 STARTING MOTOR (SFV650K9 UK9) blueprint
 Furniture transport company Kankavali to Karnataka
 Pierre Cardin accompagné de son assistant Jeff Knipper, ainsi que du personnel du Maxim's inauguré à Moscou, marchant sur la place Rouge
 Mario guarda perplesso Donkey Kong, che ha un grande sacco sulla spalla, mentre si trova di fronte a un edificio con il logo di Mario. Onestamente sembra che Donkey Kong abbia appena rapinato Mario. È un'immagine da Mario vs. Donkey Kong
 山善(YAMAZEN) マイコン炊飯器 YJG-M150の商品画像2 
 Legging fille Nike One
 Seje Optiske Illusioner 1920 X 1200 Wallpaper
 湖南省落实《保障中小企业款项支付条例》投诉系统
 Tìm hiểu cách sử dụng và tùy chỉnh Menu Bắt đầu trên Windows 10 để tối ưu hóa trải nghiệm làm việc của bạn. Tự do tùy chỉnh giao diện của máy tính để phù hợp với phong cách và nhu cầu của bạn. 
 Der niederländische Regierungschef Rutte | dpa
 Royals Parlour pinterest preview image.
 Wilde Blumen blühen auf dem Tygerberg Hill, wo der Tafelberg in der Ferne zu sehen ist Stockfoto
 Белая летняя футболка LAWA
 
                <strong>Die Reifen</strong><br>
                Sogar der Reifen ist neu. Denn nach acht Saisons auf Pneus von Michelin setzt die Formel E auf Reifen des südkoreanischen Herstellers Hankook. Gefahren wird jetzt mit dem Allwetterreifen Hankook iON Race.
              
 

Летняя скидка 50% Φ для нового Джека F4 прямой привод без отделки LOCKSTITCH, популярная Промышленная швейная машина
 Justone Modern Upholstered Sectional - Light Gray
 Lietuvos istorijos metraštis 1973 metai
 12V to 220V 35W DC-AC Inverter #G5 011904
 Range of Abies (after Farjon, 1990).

**Instructions for the task**:
Exact copies of the lines from the one holding "12V to 220V 35W DC-AC Inverter #G5 011904" to the end of the entries are all that should be written.

**Response below**:
 12V to 220V 35W DC-AC Inverter #G5 011904
 Range of Abies (after Farjon, 1990).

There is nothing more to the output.